The Competition and Markets Authority said Wednesday it will look into the deal’s effect on how Arm treats Nvidia’s rivals. The watchdog said it will examine whether the deal will give Arm “an incentive to withdraw, raise prices or reduce the quality” of its services to Nvidia’s chipmaking competitors.
Andrea Coscelli, chief executive of the Competition and Markets Authority, said the watchdog “will work closely with other competition authorities around the world to carefully consider the impact of the deal and ensure that it doesn’t ultimately result in consumers facing more expensive or lower quality products.”
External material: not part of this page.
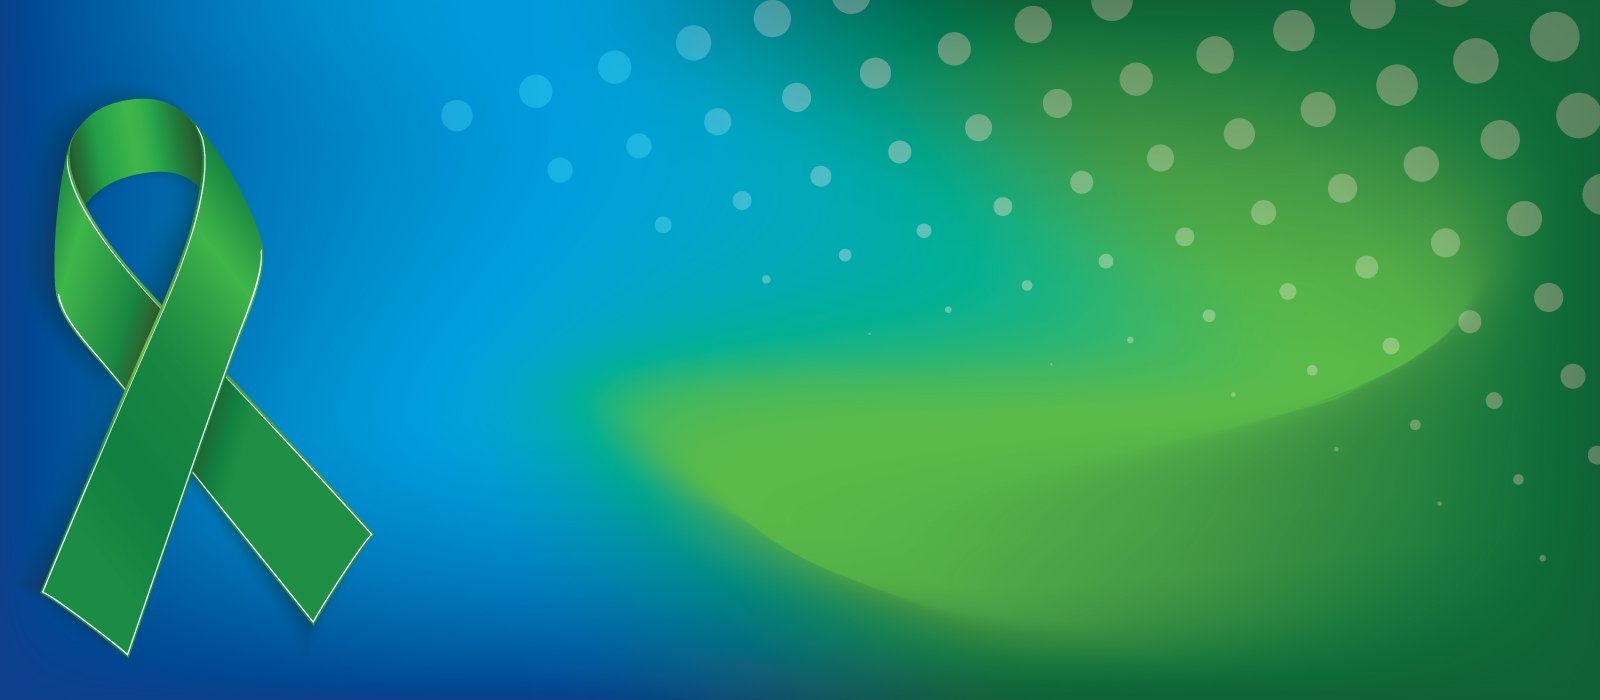 Blue background with green banner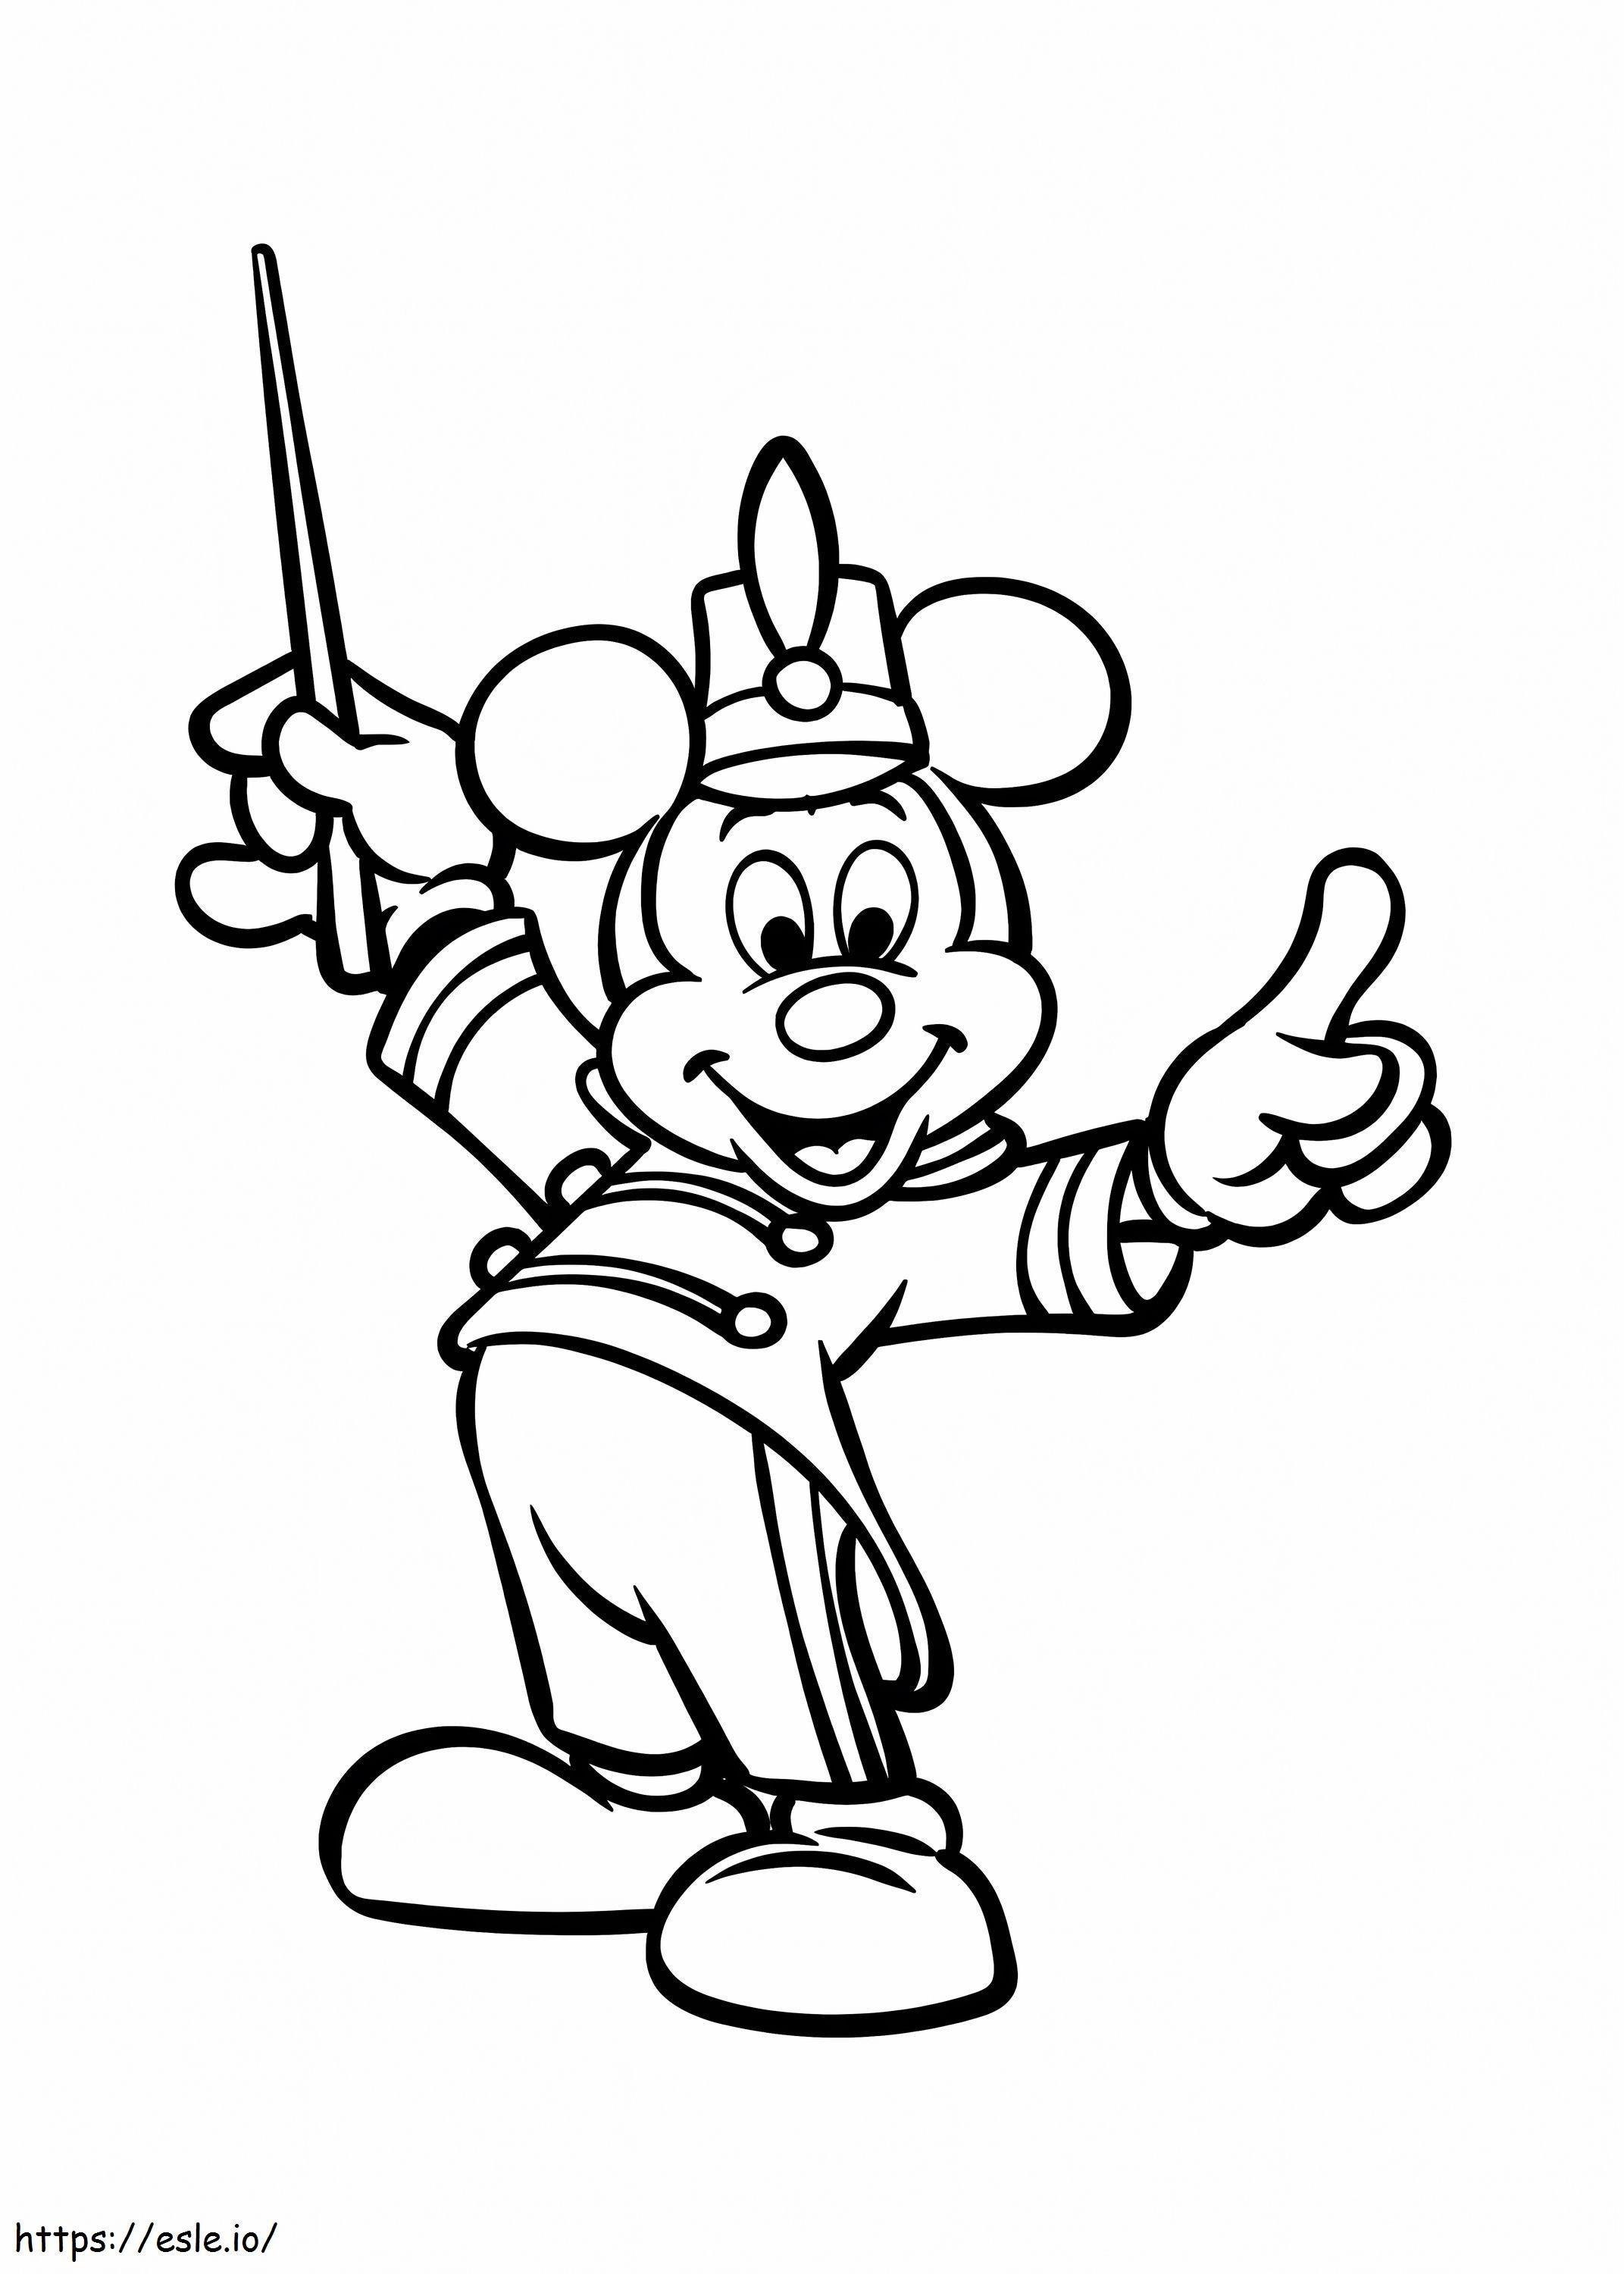 Gran Mickey Mouse coloring page

U.K.-based Arm Ltd., whose chip designs power the vast majority of the world’s smartphones, declined to comment, as did Nvidia Corp., which is based in Santa Clara, California.
Nvidia said last year it was buying Arm Holdings from Japan’s technology giant Softbank. The deal raised concerns that Arm would abandon its neutral business model of licensing its chip designs to hundreds of tech companies, including many of Nvidia’s rivals.
Nvidia pledged to maintain Arm’s open licensing model and customer neutrality. It also agreed to keep Arm’s headquarters in Cambridge, England and expand its British staff. The company has said the deal wouldn’t be completed until early 2022 because it also faces regulatory scrutiny from the U.S., China and the European Union.